The molecular architecture of TPLATE
Complex life has complex cells, also known as eukaryotic cells. Unlike bacteria, for example, the cells of complex life have many distinct internal compartments known as organelles. These organelles exchange material among themselves. To do so, the organelles have a few tricks. One of those tricks is vesicle trafficking. This means that they use a part of their own membrane as a bag for the goods to be exchanged.
A recent discovery showed that plants heavily rely on a protein complex named the TPLATE complex to do so. This complex is not only present in plants, but also in a wide range of other eukaryotes, which suggests it is evolutionary very old and part of a protein complex family of which all other members are intensively studied. However, because this particular complex is not present in the most-studied model organisms (animals and yeasts), its existence and function remained under the radar for a very long time.
In this study, VIB teams (the groups of Bert De Rybel, Geert De Jaeger, and Daniël Van Damme from the VIB-UGent Center for Plant Systems Biology, Remy Loris from the VIB-VIB Center for Structural Biology, and Savvas Savvides from the VIB-UGent Center for Inflammation Research) reveal TPLATE's molecular architecture for the very first time. They achieved this by crosslinking mass spectrometry and computer simulations.

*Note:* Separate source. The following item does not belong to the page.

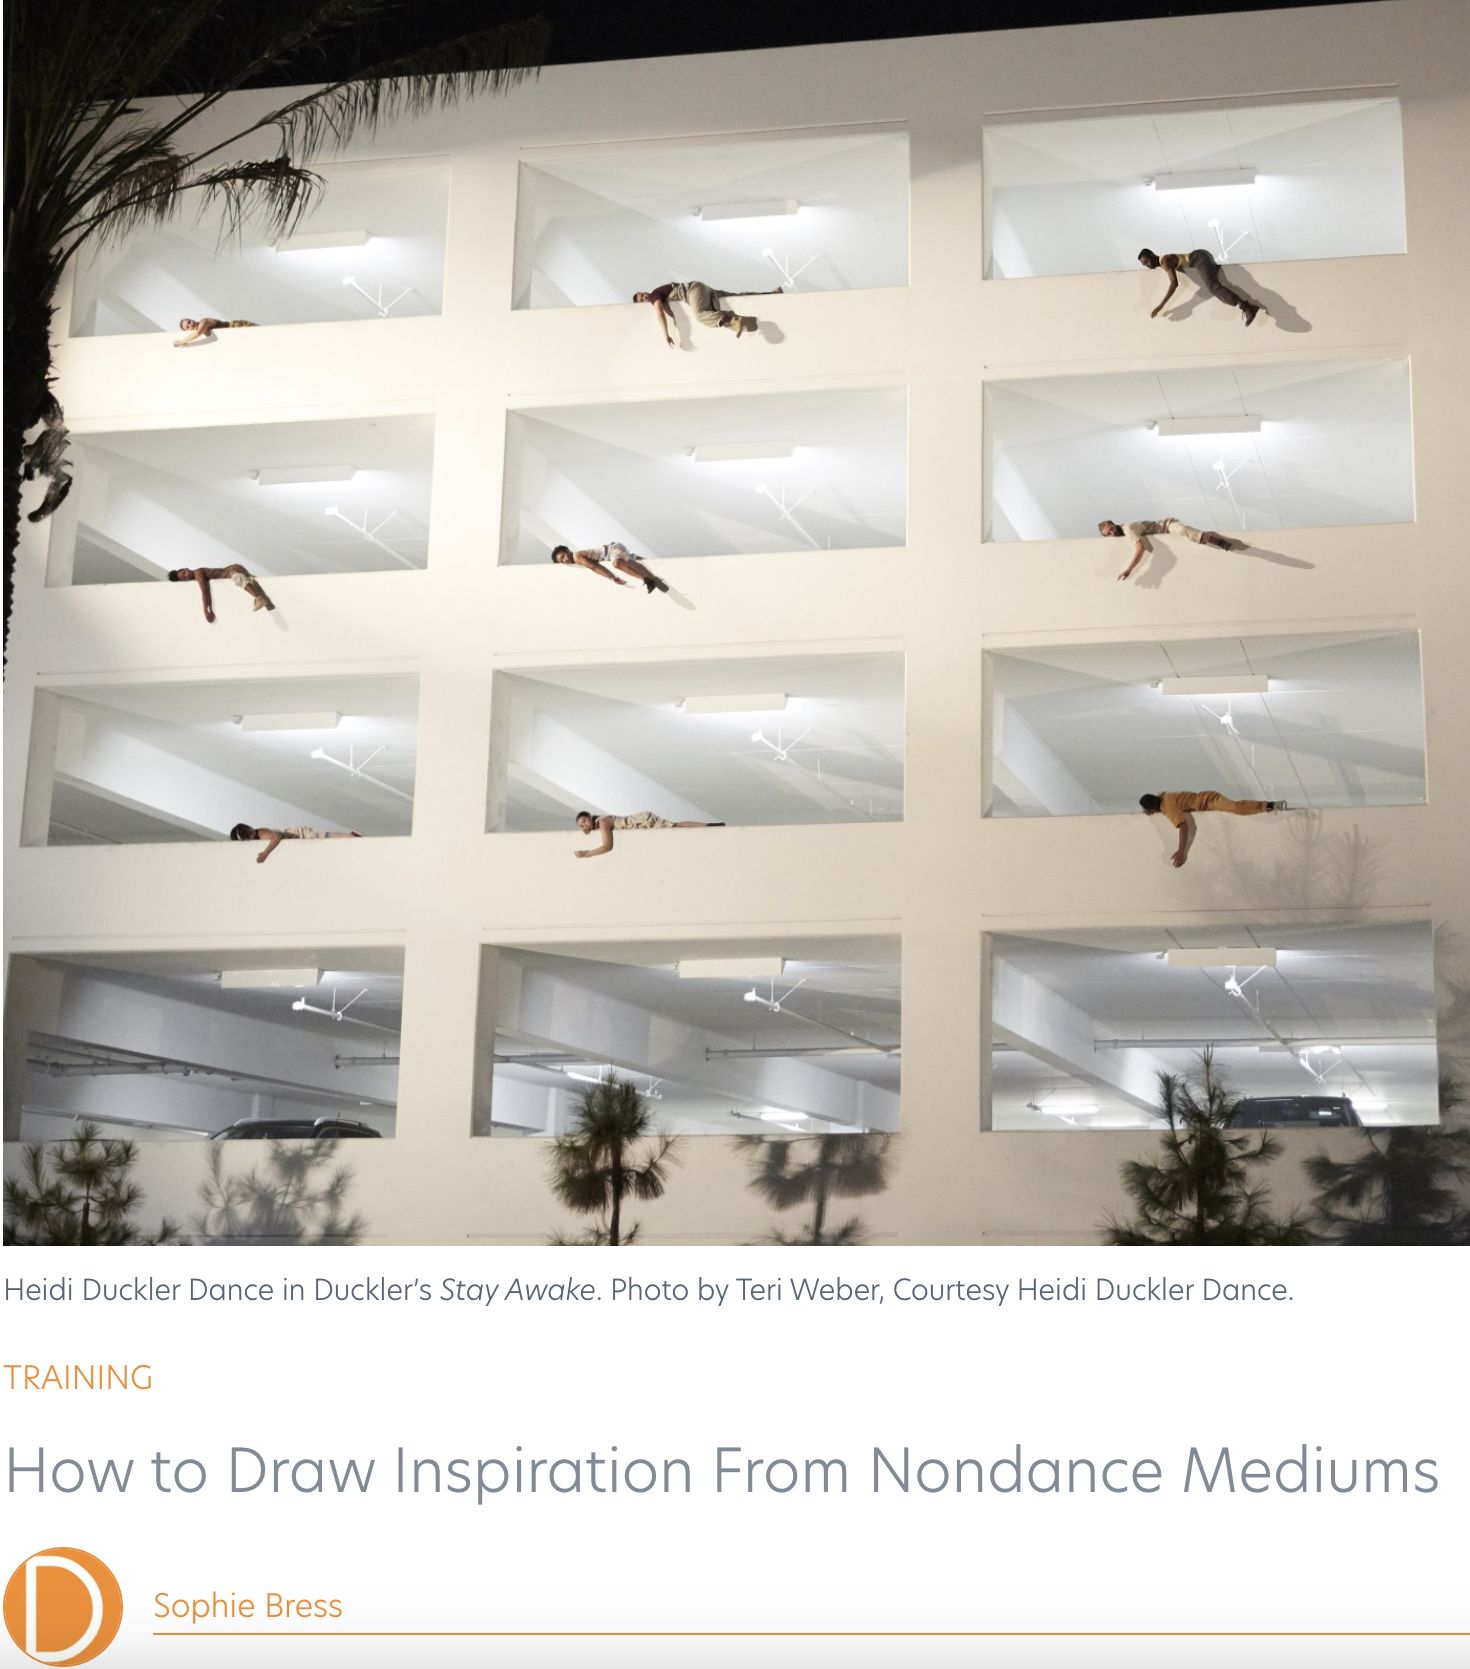 Heidi Duckler Shares How She Draws Inspiration from Nondance Mediums with Dance Magazine

These new insights revealed the orientation of this complex towards the membrane as well as the delicate relationship between the different domains of its subunits.
These findings are important to increase our knowledge of crucial eukaryotic processes. Indeed, the structure of this complex now allows us to compare it with known structures of its close relatives that are present in all eukaryotes including animals and yeasts and this allows us to visualize the evolution of these trafficking complexes.
Collaborating for success
To obtain both structural and functional insight into this enigmatic complex an integrative, collaborative approach was needed. Five VIB research groups and one group from the Czech Republic contributed within their specific expertise to perform experiments ranging from lipid-binding studies to structural biology approaches.
The novel structural insight was mostly generated based on crosslinking mass spectrometry, performed with the help of the VIB Proteomics core facility.
‘A major benefit of working at VIB is that it greatly encourages and facilitates access to knowledge and expertise that allows research groups to successfully embark on joint projects that lie far beyond their comfort zone.’ – Prof. Daniel Van Damme
This study will form the foundation of further scientific work and will open doors for the generation of novel and safer herbicides or modulation of stress responses in plants.
Reference: Yperman K, Wang J, Eeckhout D, et al. Molecular architecture of the endocytic TPLATE complex. Sci Adv. 2021;7(9):eabe7999. doi:10.1126/sciadv.abe7999.